That is why I do what I do every single day. I’ll keep talking about mental health, and continue supporting adults and children improve their mental health. I’ll keep challenging the system that lets people down. To raise awareness, I’ll keep running workshops.

Even when it makes some people feel uncomfortable, I’ll keep sharing my story. I hope others continue to share my posts, and tell people about the work I do. One small change we can all implement is to learn to have supportive and open conversations about mental ill health and mental health.

Families are affected by suicide every day, families are living with mental illness every day. The more we talk about it, the more opportunities we give people to open up and not feel so wrong, lonely or isolated in their own minds.

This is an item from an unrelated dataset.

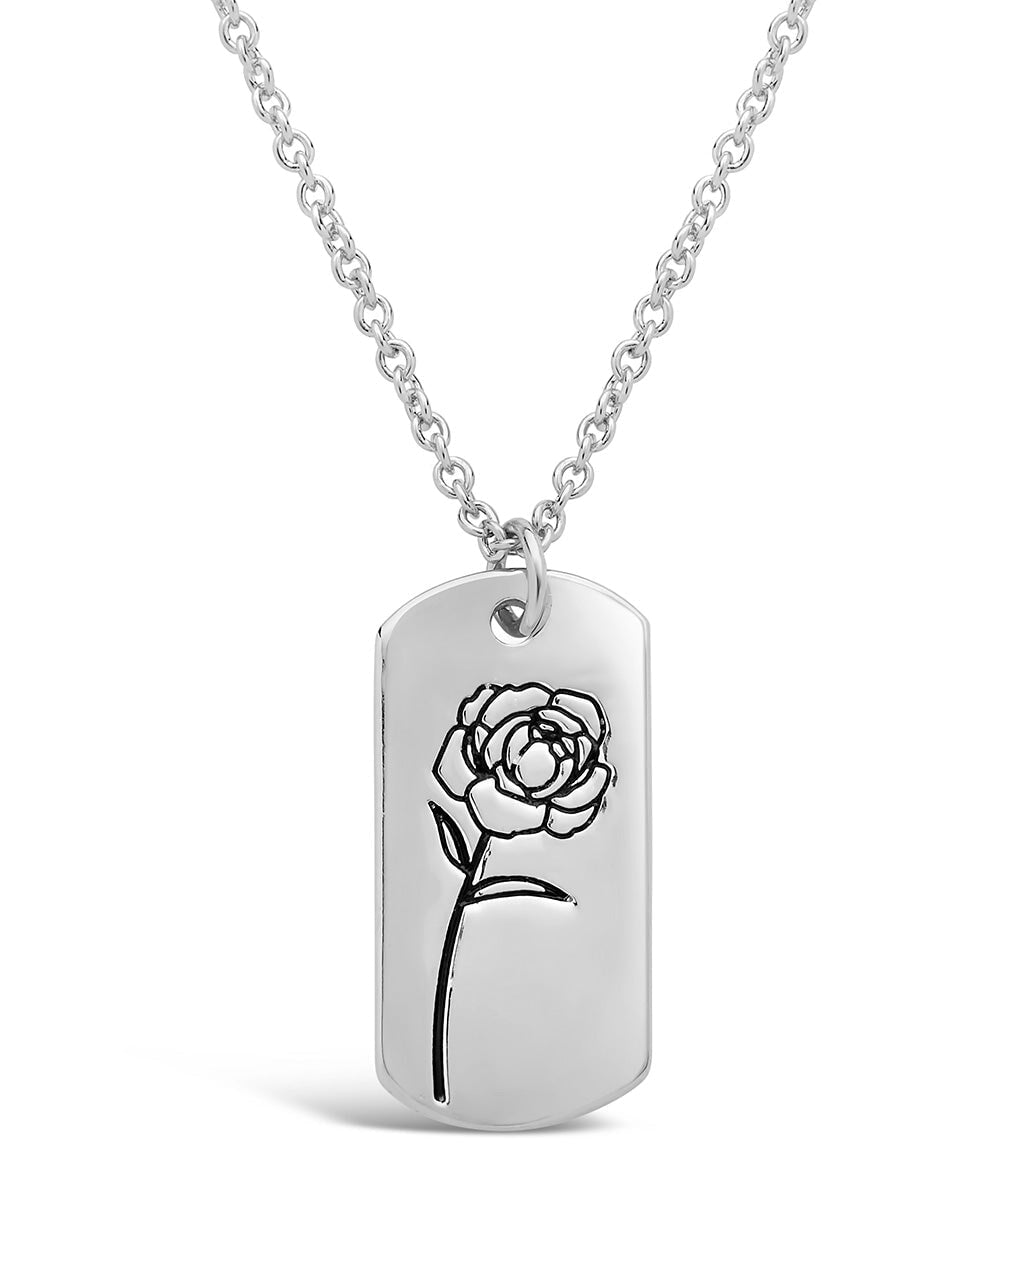 Birth Flower Pendant Necklace Sterling Forever Silver September / Peony

This isn’t going away, this isn’t happening somewhere else. It doesn’t end after a funeral or a story dies down – this is real life for a quarter, maybe even a third of our country.
1 in 4 adults and 1 in 8 children

Please get on board every day.

From my own experience, I didn’t tell anyone about how unwell I was for fear of rejection, judgement. Being seen as the failure I felt because that is how society makes us feel when we are unwell. By not talking about mental health, casting judgements on ‘crazy’ people, it contributes to the stigma. The harsh words we use, the cruel media portrayals – we can do better.
The lack of boundaries on social media, the absence of common decency and the intolerance hidden behind ‘I am entitled to my opinion’ – yes, you are entitled to an opinion. But unless you know the whole story, it’s just a perception of something you may well know nothing about.

I wasn’t ‘crazy’ or ‘mad’. My brain and my system was unwell. I helped myself get better and fought to understand myself. In the end only I could do it and support was nice when I did get the right people involved.